TASK STATEMENT:
The result should be an exact copy of the data, free of pictures.

INFORMATION PROVIDED:

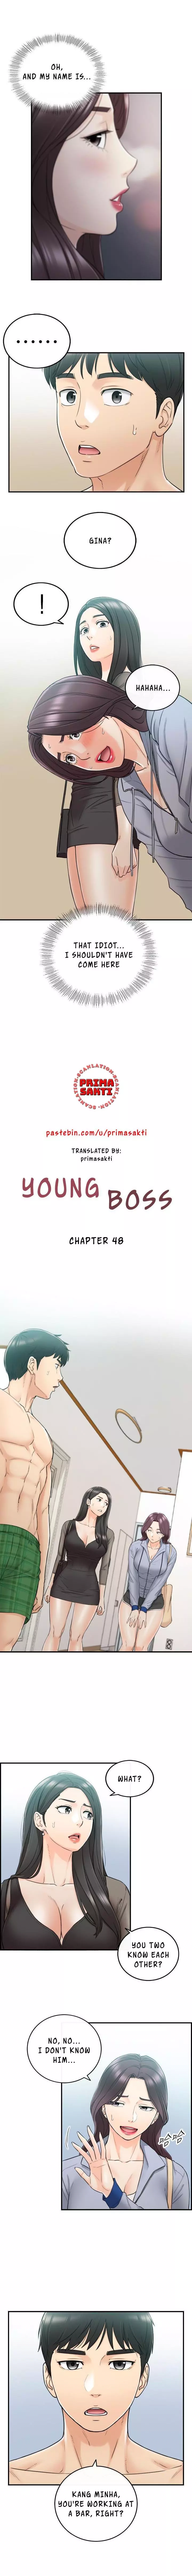 Young Boss Manhwa 01-73 379ページ
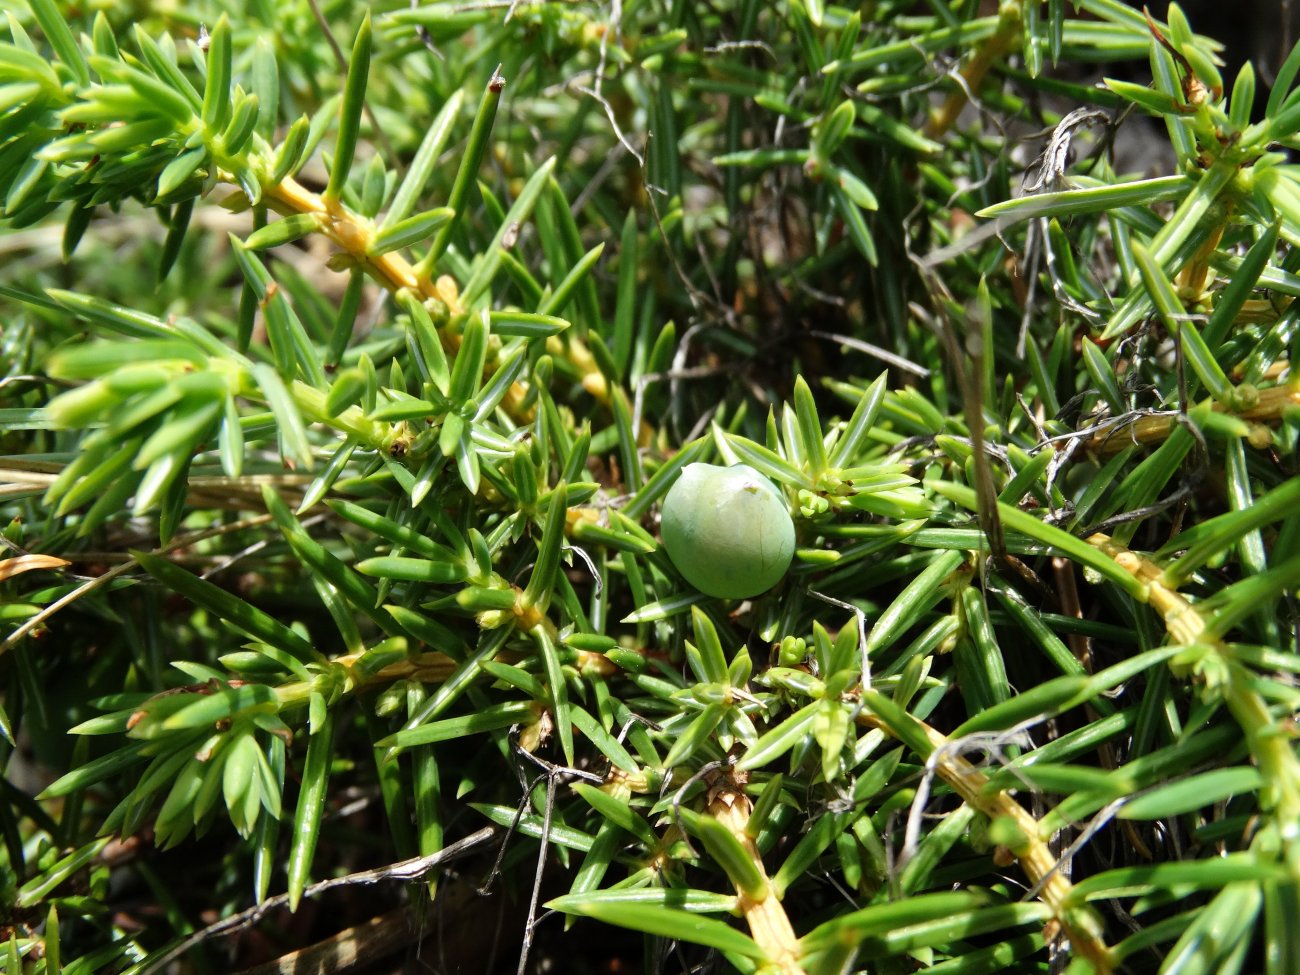 Image of Juniperus rigida ssp. litoralis specimen.
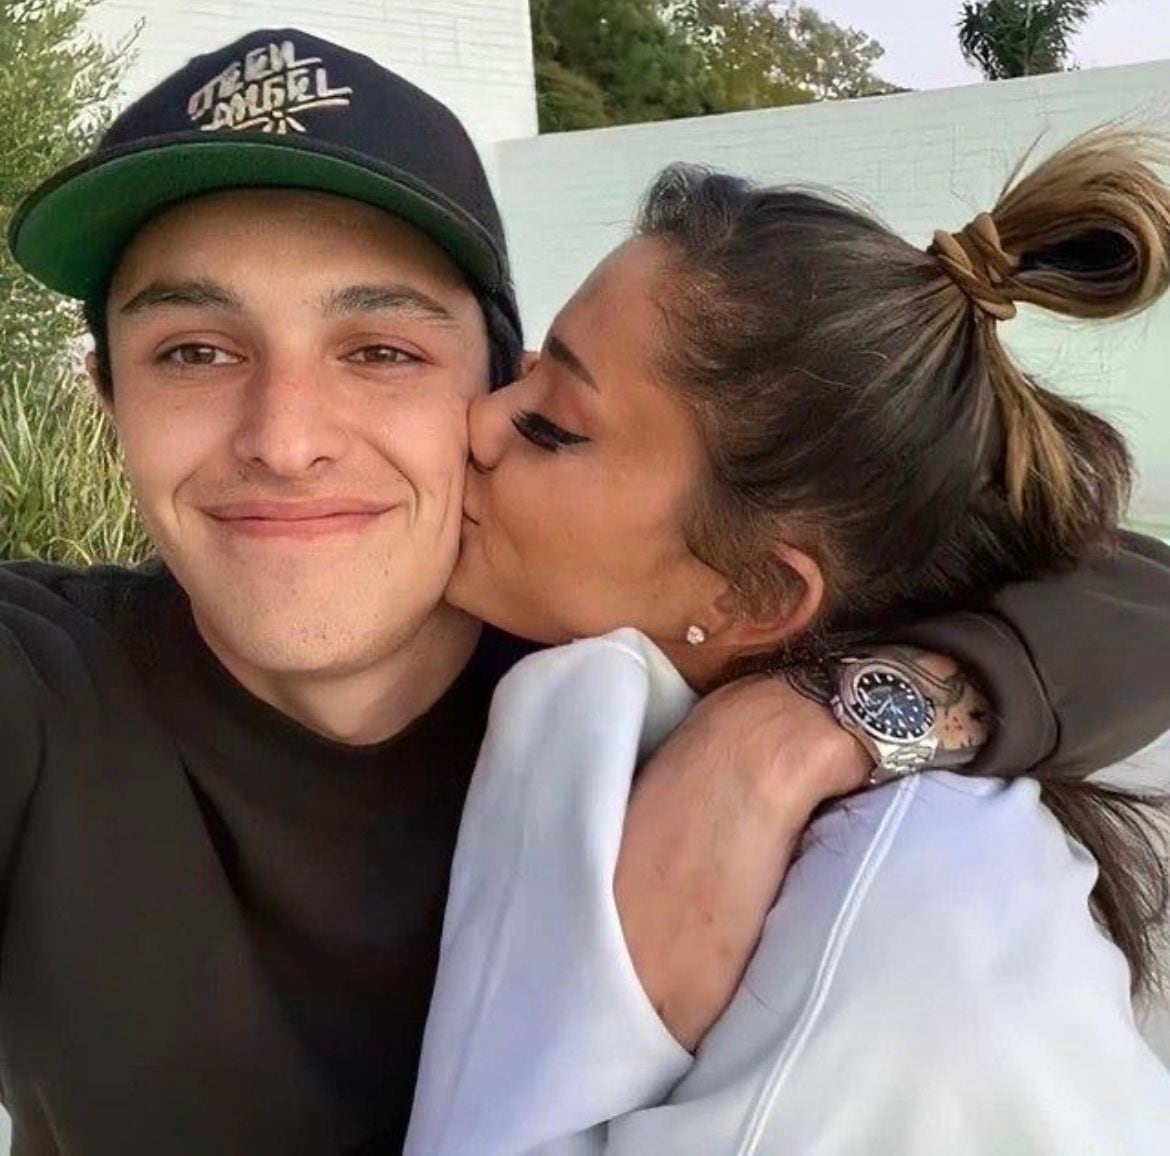 Dalton Gómez y Ariana Grande no han dado muchos detalles sobre su relación. (Foto: Instagram / @daltonnariana)

WRITTEN SOLUTION:
 Young Boss Manhwa 01-73 379ページ
 Image of Juniperus rigida ssp. litoralis specimen.
 Dalton Gómez y Ariana Grande no han dado muchos detalles sobre su relación. (Foto: Instagram / @daltonnariana)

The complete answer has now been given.